Abstract
Civil wars are more than battles between governments and rebels; they involve a multitude of actors who perpetrate different forms of violence linked to the war in some way. However, scholars often study different types of violence perpetrated in wars in isolation rather than in their interrelationship—a compartmentalization that further widens the gap between research and practice. Despite the wide availability of disaggregated data, linking various forms of violence to one another and attributing them to a specific civil war remains a challenge. This article discusses the violence attribution problem and introduces an approach that connects different forms of war-related violence to specific civil wars using data on actors, event locations, and conflict zones. In a practical application of this approach, we introduce an R package that integrates battle and war-related violence data collected by the Uppsala Conflict Data Program. The overall aim is to provide a more comprehensive measure of the violence taking place in a particular war and facilitate a better understanding of the dynamics and interrelations of different types of violence within civil wars.
Introduction
Civil wars are more than battles between rebels and a government. They involve a complex network of actors perpetrating violence that is intricately tied to the ongoing conflict.

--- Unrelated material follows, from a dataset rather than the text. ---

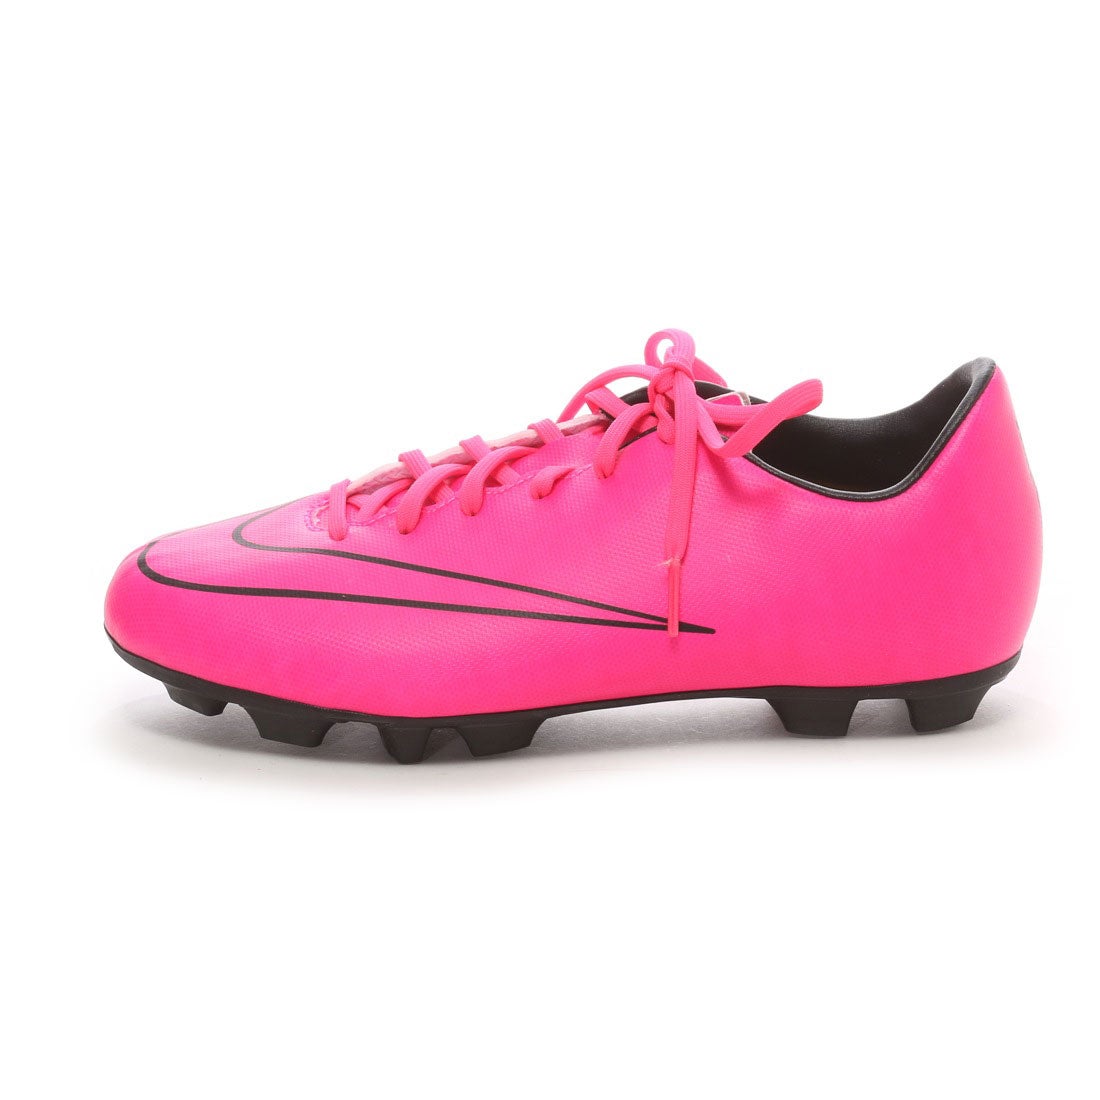 ナイキ Nike ジュニアサッカースパイク Jr マーキュリアル ビクトリー Hg V ピンク 2665 ピンクp 靴 ファッション通販 ロコンド 自宅で試着 気軽に返品

Rebel groups battle each other, combatants abuse civilians, communal groups fight, and criminal organizations compete over the spoils of war. Propelled by access to disaggregated data with information on the exact location and date of violent events (Donnay et al., 2019; Gleditsch et al., 2014), scholars generate much needed knowledge on the causes, dynamics, and consequences of multiple forms of political violence at the sub-national level. However, these quantitative-comparative studies usually examine distinct forms of violence in isolation, overlooking their interrelationships within the broader conflict context (Bara et al., 2021: 929).
This compartmentalization widens the gap between researchers and case experts, who take into account the complex web of violence in one conflict. It also means that important and policy-relevant questions are not answered: under what conditions do actors in civil wars choose one violent strategy over another? Do some interventions to end violence transform violence instead? How can we make sure that all war-related violence stops when wars end? To answer such questions, scholars have repeatedly called for an integrated approach to studying political violence (Bara et al., 2021; Findley and Young, 2012; Kalyvas, 2019; Straus, 2012).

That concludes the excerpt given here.